DATA SECTION:
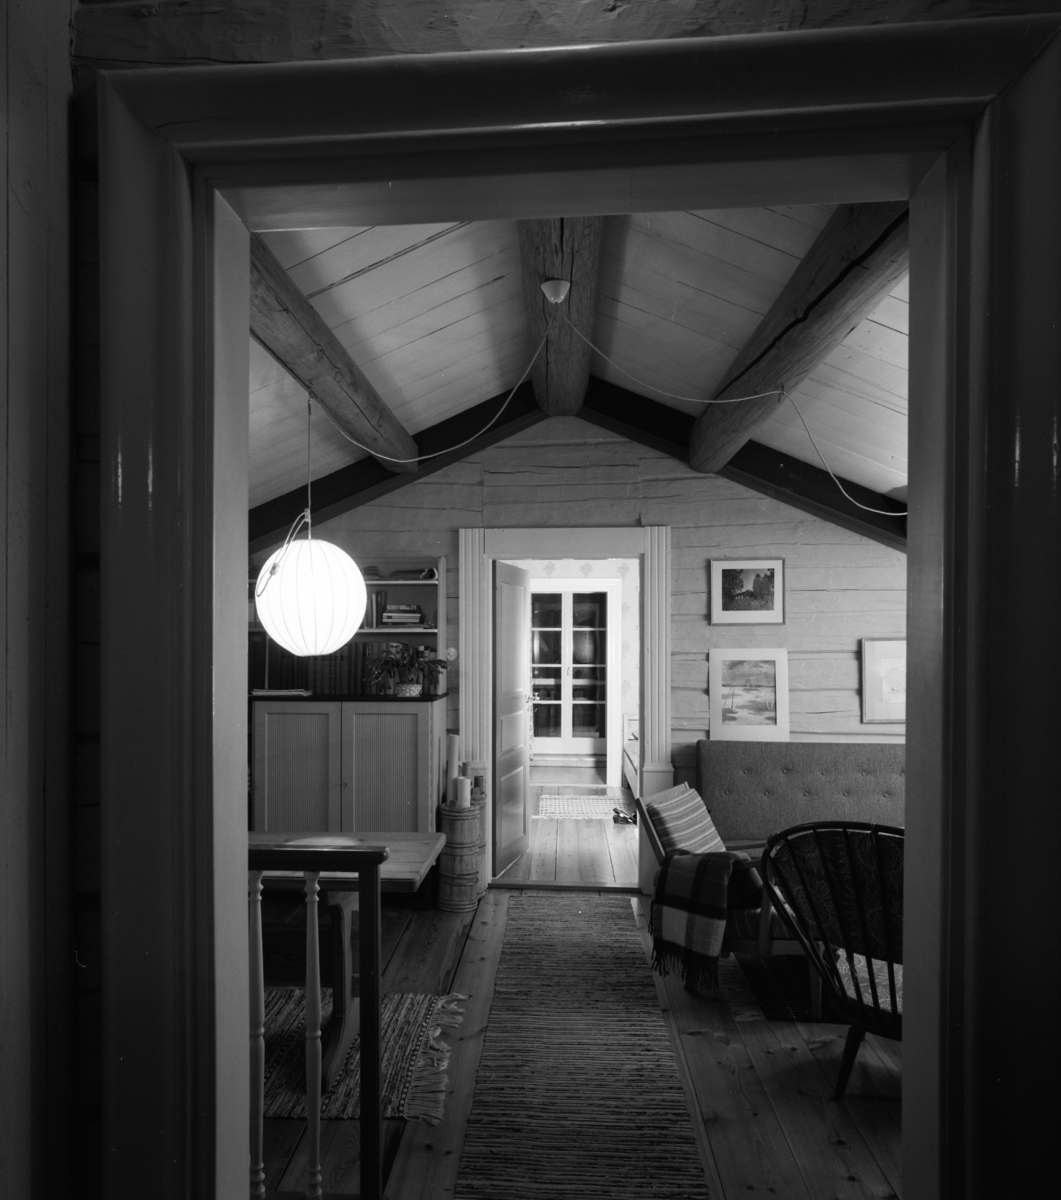 Ingenjör Lidströms hus
Interiör av vardagsrum på övervåningen, sett genom dörrhål
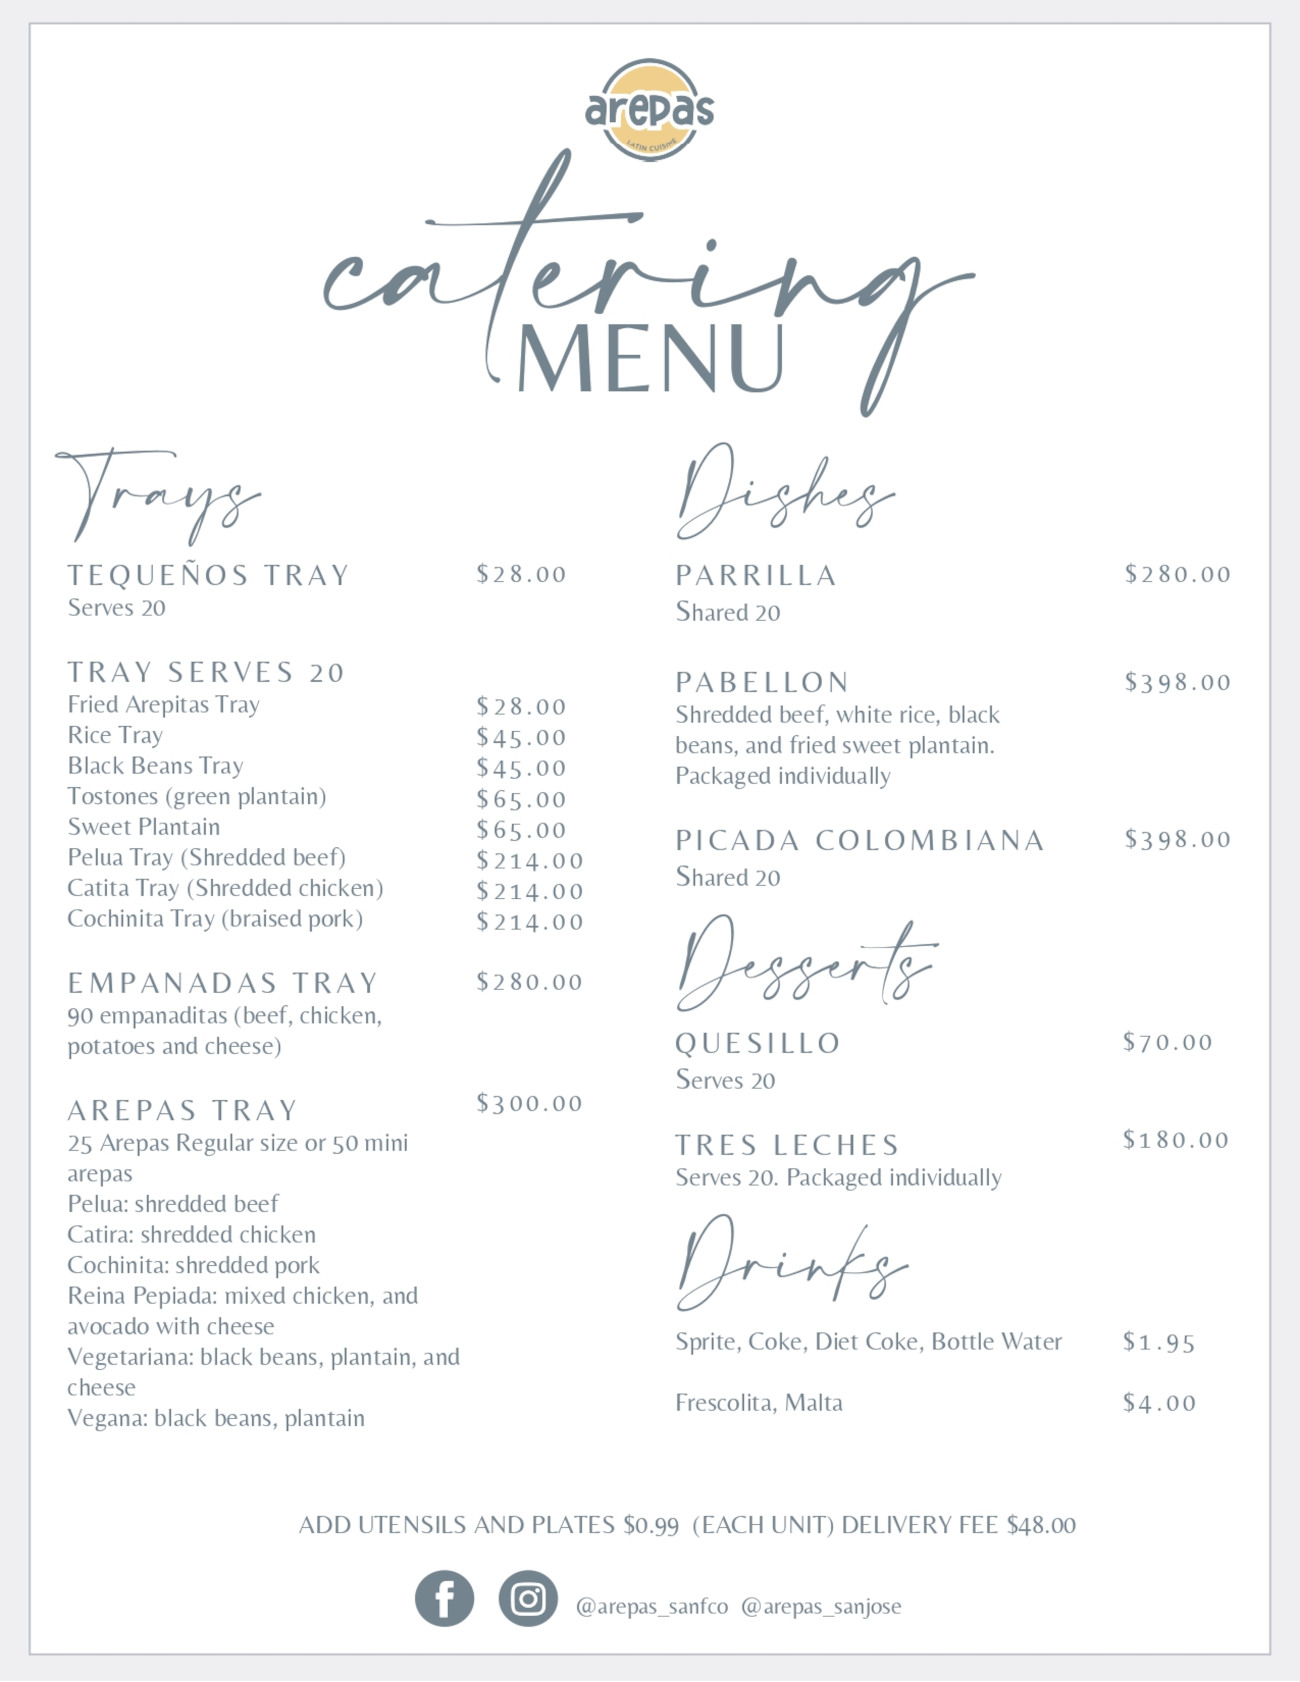 Catering menu

PROMPT:
The expected output is the material above, repeated exactly and free of pictures.

EXPECTED ANSWER:
 Ingenjör Lidströms hus
Interiör av vardagsrum på övervåningen, sett genom dörrhål
 Catering menu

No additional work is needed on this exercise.